PRACTICAL LIFE
Where Learning Begins
The Primary student’s journey begins in the Practical Life area, which serves as the foundation of the Montessori classroom. The activities in this area are often familiar and inviting to the child and tend to mirror some of those adults regularly engage in at home. In Practical Life, Montessori children strengthen necessary fine motor skills by working with their hands (and fingers) to complete various lessons that grow increasingly difficult over time.
What are Practical Life skills?
Practical: adjective
- of or relating to practice or action
- of, relating to, or concerned with ordinary activities
- adapted or designed for actual use; useful
The Practical Life area is host to some of the classroom’s most appealing lessons for young children. It helps us learn how to engage in life’s most basic activities in a purposeful way.

The purpose and aim of Practical Life activities is to help children develop order, concentration, coordination, and independence: skills that will follow them through their work in the rest of the classroom and life beyond.
It is in the Practical Life area that children take their first steps toward independence and becoming more fully functional members of society at large. As a parent, you should expect your child to start trying to do things “all by myself” and without adult-aid or interference.
Practical Life activities should not be overlooked or underestimated and should instead be taken very seriously. The child learns to work with patience in the Practical Life area, and even with reverence. For the adult, it is important to realize that this is “work” and should be respected as such. Where adults usually chose the most efficient and quickest way to do something, a child seeks to perfect skills and master activity. The child’s purpose is not so much to complete the task as it is to construct a sense of self. Teachers acknowledge the effort and take pleasure in the child’s achievements: “Oh, it is nice to have such a clean table.” “What a clean and shiny mirror!” “You must have worked very hard on this.”
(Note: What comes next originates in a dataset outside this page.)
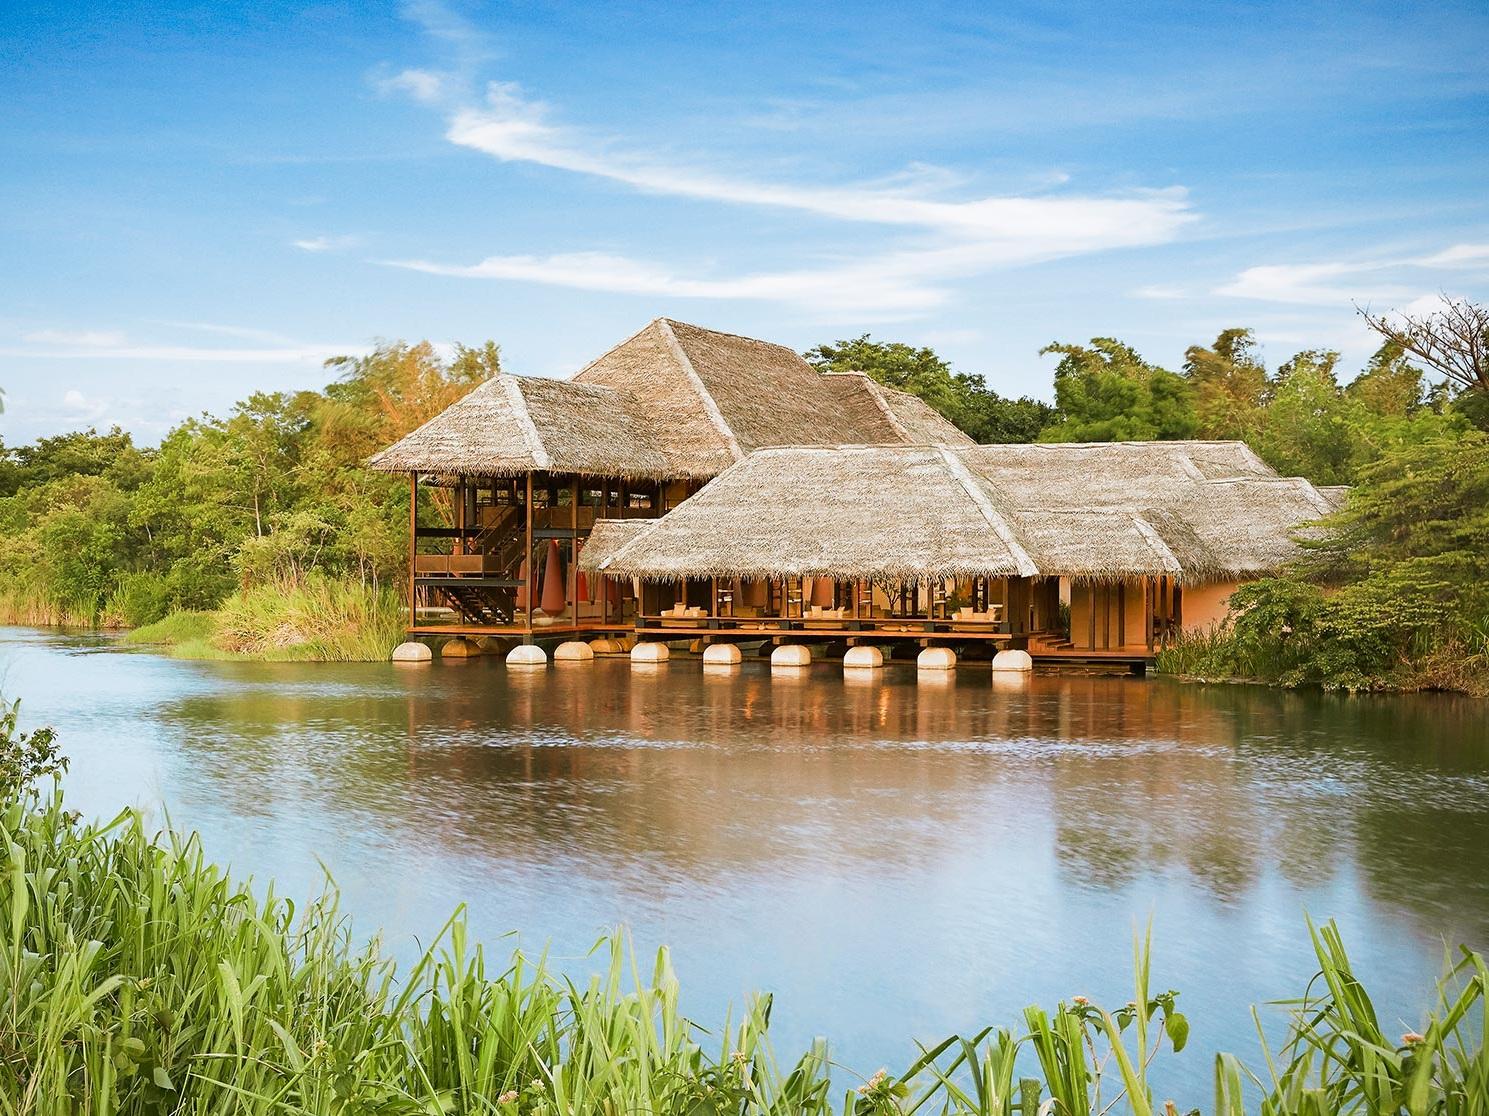 Vil Uyana, perfect for bird watching and wildlife safaris in Sri Lanka

Many argue that the most important work in the Montessori preschool may be a child’s Practical Life activities. Where Parents who are unfamiliar with Montessori education may feel that these activities are a waste of time (“Why is my child learning how to wash dishes when they should be learning how to do something more academic, like math?”), Teachers will argue otherwise. Math, reading, and language all require one to have the ability to focus, to be able to complete a task with logical and sequential steps, to concentrate, to make intelligent choices, and to see a task from start to finish. This is precisely the intent of the Practical Life activities. Through this work, children learn to go about their work calmly, with intent, and to take pleasure and satisfaction from their efforts.
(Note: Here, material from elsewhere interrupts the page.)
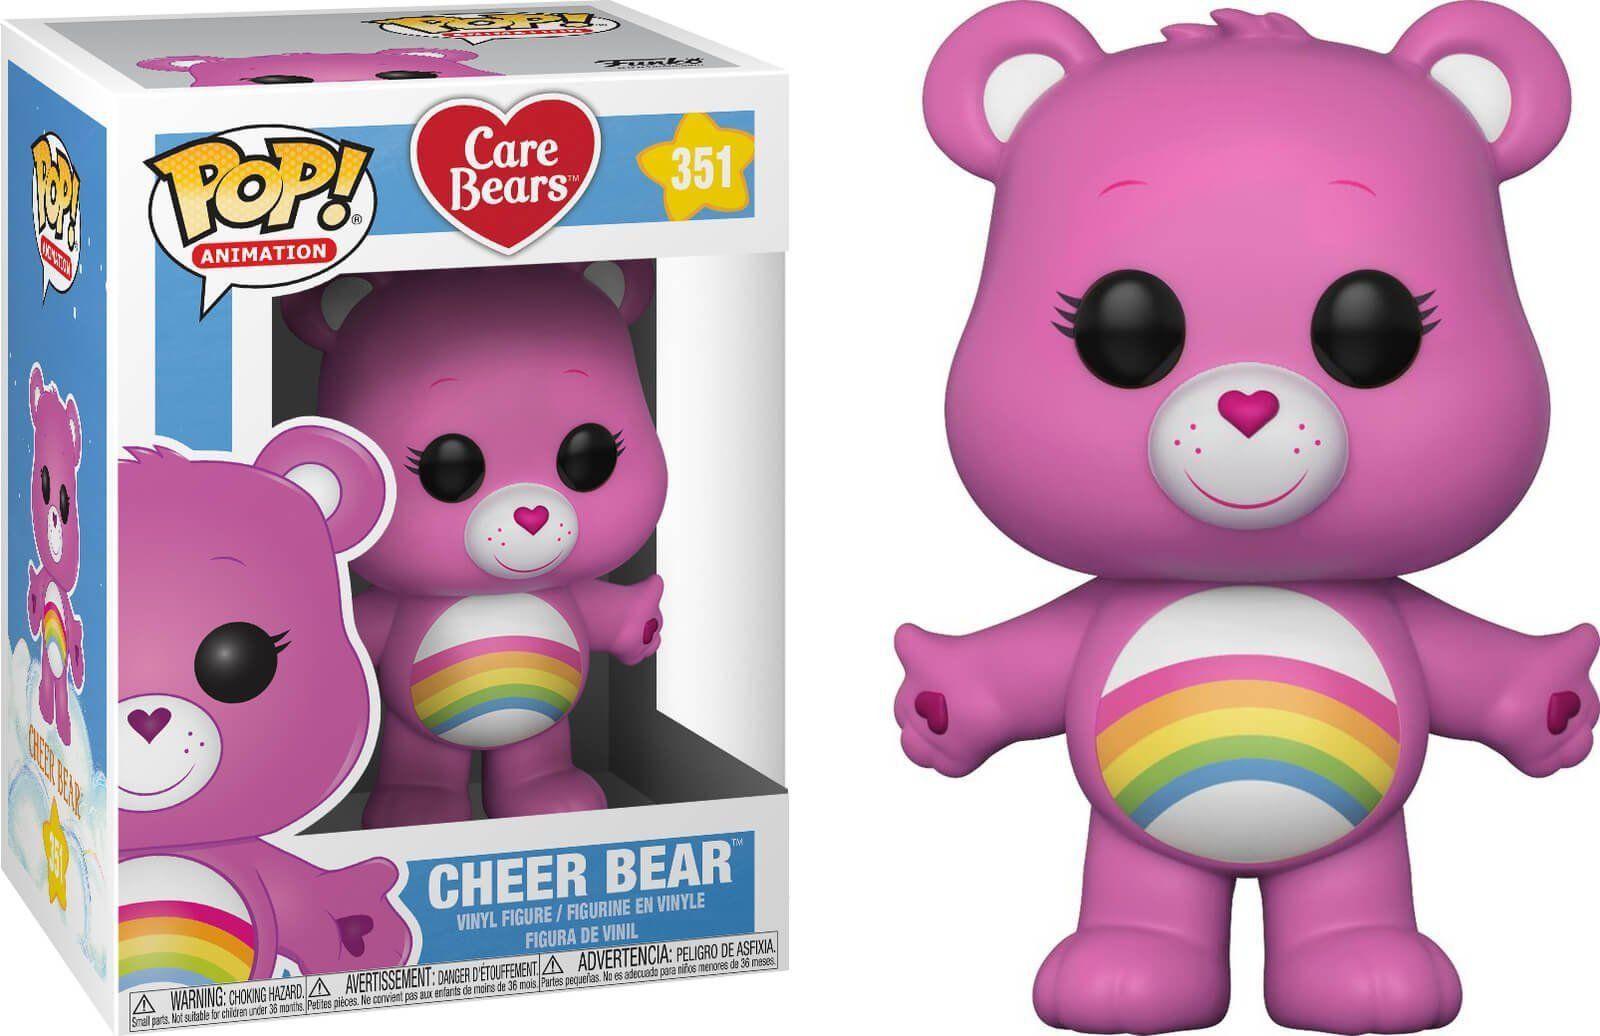 Funko Pop! Cheer Bear: Care Bears #351 - Funko

Practical Life activities can be categorized into four different groups: Preliminary Activities, Care of Self, Care of the Environment, and Grace and Courtesy.
- Preliminary Activities – These activities provide the foundation and set the stage for all works in the Montessori classroom. These include tasks such as how to roll and unroll a mat, how to walk around a mat, how to sharpen a pencil, how to carry a chair, and walking on the line.
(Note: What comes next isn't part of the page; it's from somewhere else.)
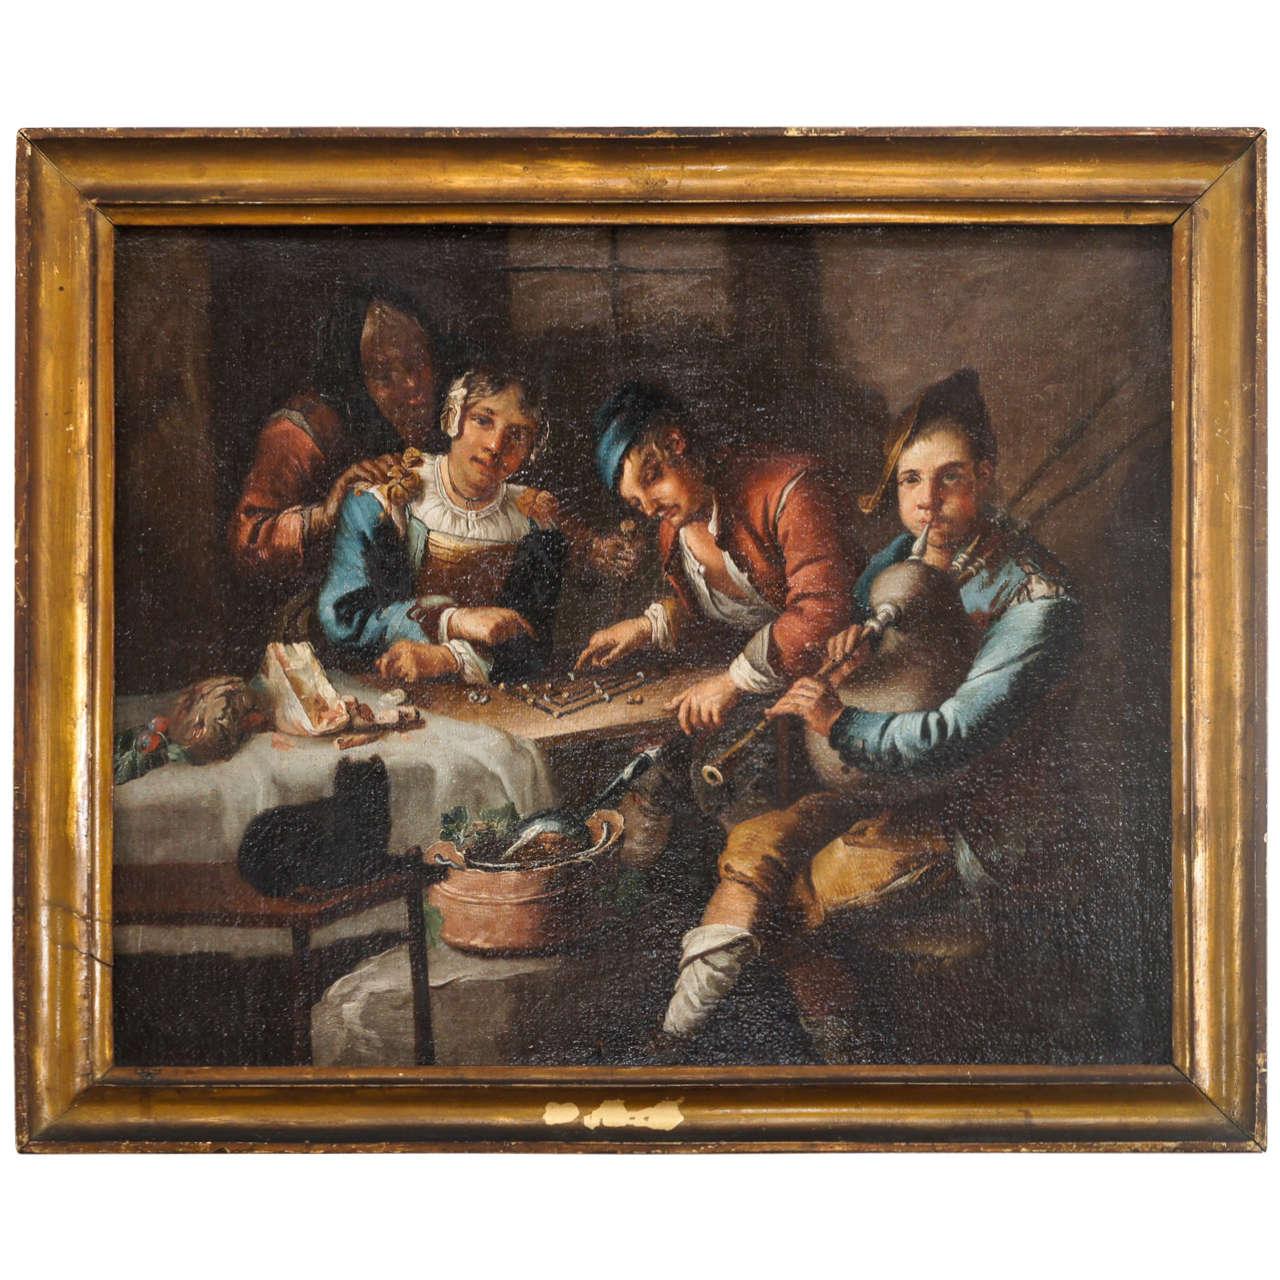 Dutch Or Flemish Genre Painting Circle Of Adriaen Brouwer

- Care of Self – These activities provide the means for children to become physically independent. These include such activities as how to wash hands, how to brush teeth, how to pack a lunch, how to pack an overnight bag, and how to tie shoes.
- Care of the Environment – These activities may include how to set the table, how to clean dishes and cutlery, how to sweep the floor, how to dust the shelves, how to water the plants, and how to clean up spills.
- Grace and Courtesy – These activities are not found on the shelves. Rather, it is the Montessori Directress who introduces social graces and courtesies through everyday interaction. She guides the child in how to shake hands; say “Please” and “Thank You;” get someone’s attention; cough and sneeze; and be caring, kind, and respectful to others.

Because Practical Life Exercises are meant to resemble everyday activities, the area is filled with materials that are familiar, real, breakable, and functional. Children will find shelves with trays designed for spooning, transferring, pouring, cleaning, and other common, day-to-day activities.